Wildflowers bloom earlier, potentially impacting area wildlife

A new study from the Nature Conservancy in Wyoming has found that many wildflowers and other plants in the Grand Teton-Yellowstone region are flowering and bearing fruit earlier than 50 years ago. Kamila Kudelska of Wyoming Public Radio asked ecologist and co-author Trevor Bloom how the study came about.

Trevor Bloom: The idea for this study certainly came from my colleague, Corinna Riginos, and Corinna worked several years ago for the Teton Science School. And she was teaching from this book, “For Everything There Is a Season: The Sequence of Natural Events in the Teton Yellowstone Region.” And this book, “For Everything There’s a Season,” was written by Dr. Frank Craighead and was a week-by-week account of what you would expect to see in the Teton area.

So suppose you open it up to this week you would talk about how the Aspen begin to bud or set flowers and the mountain bluebirds return from their migration. And when she was teaching this book, she started to realize that things were getting out of sync, they were going haywire. She had the idea to replicate this study, the Craighead study in the future. And basically, that’s where I came in. I just finished my graduate degree in botany. And I was happy to jump in and start replicating that study.

Kamila Kudelska: So what did you do? How did you replicate the study?

VG: The first step, which was pretty fun, so we got the Craighead family archives back. So not only are we using the book, but we actually have the handwritten notes that were written by Dr. Frank Craighead from 1973 to 1978 and again in 1988. And there are these handwritten notes that were on file with him.

He passed away several years ago, but we have received the notes from his family. And we digitized the notes, we turned them into spreadsheets. And then we found about 50 species of plants that had very good records, several years of records, the first flowering date. And then basically I just retraced his footsteps starting at his old historic cabin site, which is now in Grand Teton National Park, walking through sagebrush meadow and up to the top of Blacktail Butte . And along the way, I just recorded all the different flowers that I saw, and what stage they are at. I did it two to three days a week. So twice a week, at least, for four years. Basically, I just have to walk around and look at wildflowers.

KK: Very cool. And then, what did you discover? What were the results?

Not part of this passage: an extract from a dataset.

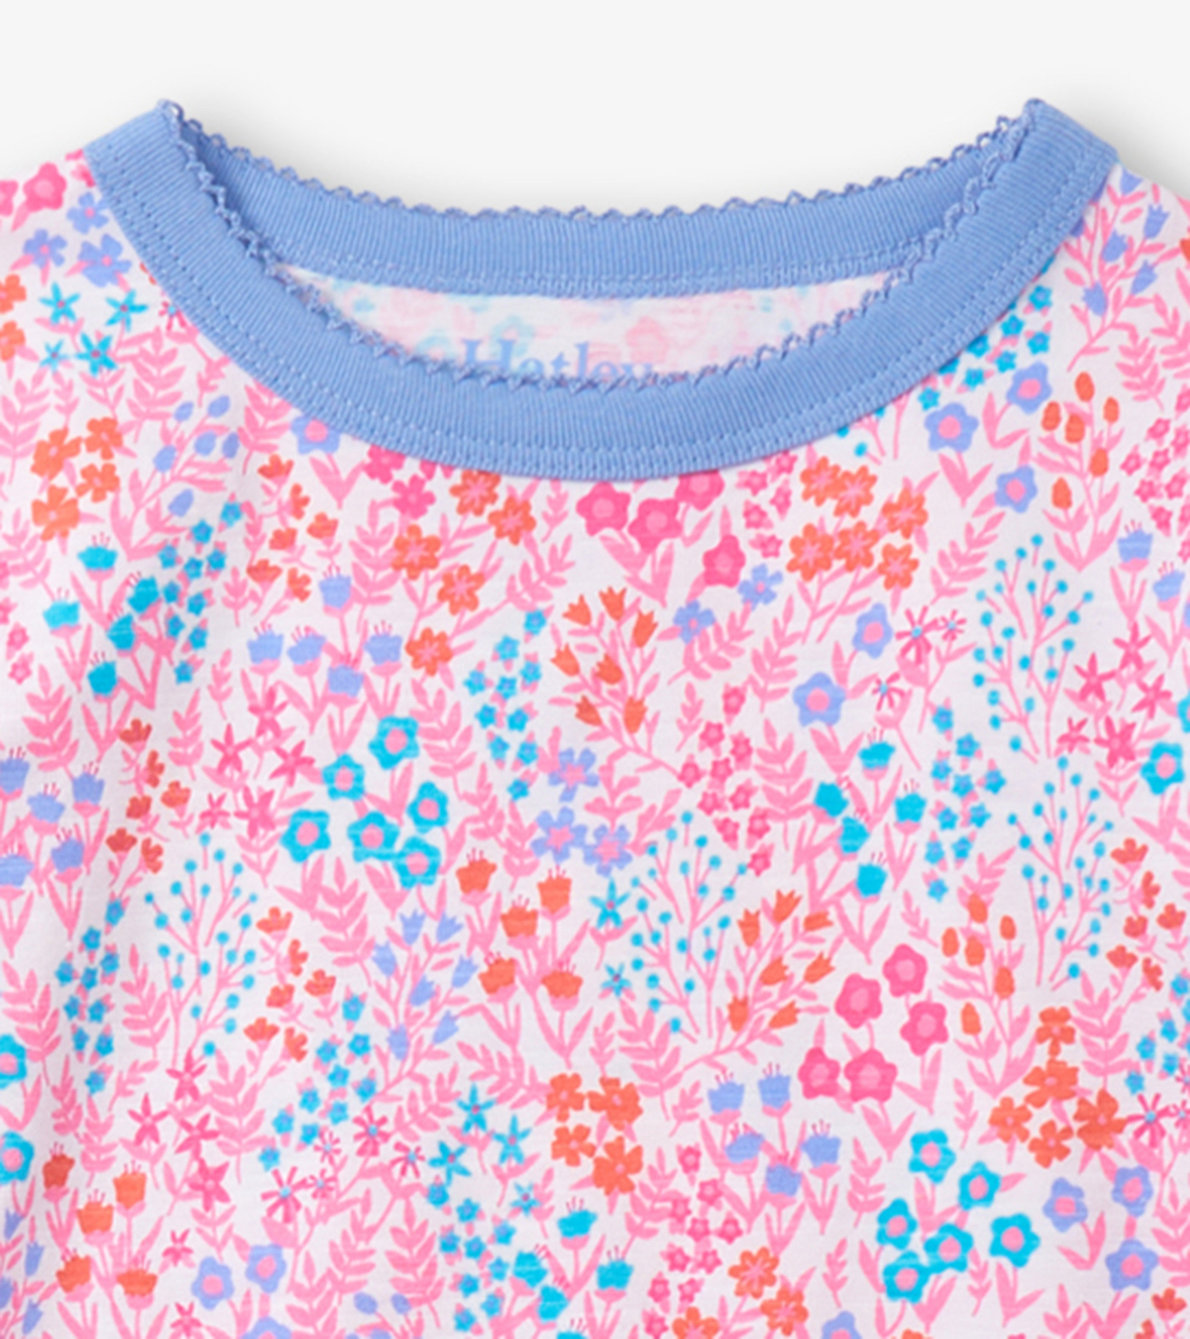 View larger image of Girls Ditsy Floral Pajama Set

VG: The results were a bit staggering. We expected some wildflowers to bloom earlier, due to warmer temperatures. It was our assumption. But we had no idea when we started that we’d find many flowers blooming about three weeks earlier than they did in the 1970s. earlier than the first sighting by Craighead. In general, we have found that spring flowers, those that come out in May and June come out about three weeks earlier, mid-summer flowers, plants, like lupins that come out in July, come out about 10 days earlier. early. And then the late summer flowers, like goldenrod or willowherb, don’t come out any earlier at all.

KK: What does it mean? You know, why should people care about that? And how can this potentially impact our ecosystem?

VG: There are several reasons why people should be interested. You know, one is, this is just a very clear example of how climate change has already affected the sagebrush ecosystem. A lot of climate change research looks to the future…2050, 2070, we’re going to be living in a very different world. But it’s a concrete example of how the ecosystem has changed since the 1970s. And it’s a very clear story and you’re talking to people in Wyoming and they might not want to engage in a conversation on climate change, but they will certainly engage on how things have changed. since they were growing up. How growing seasons get longer or streams drop later in the season or snow melts earlier.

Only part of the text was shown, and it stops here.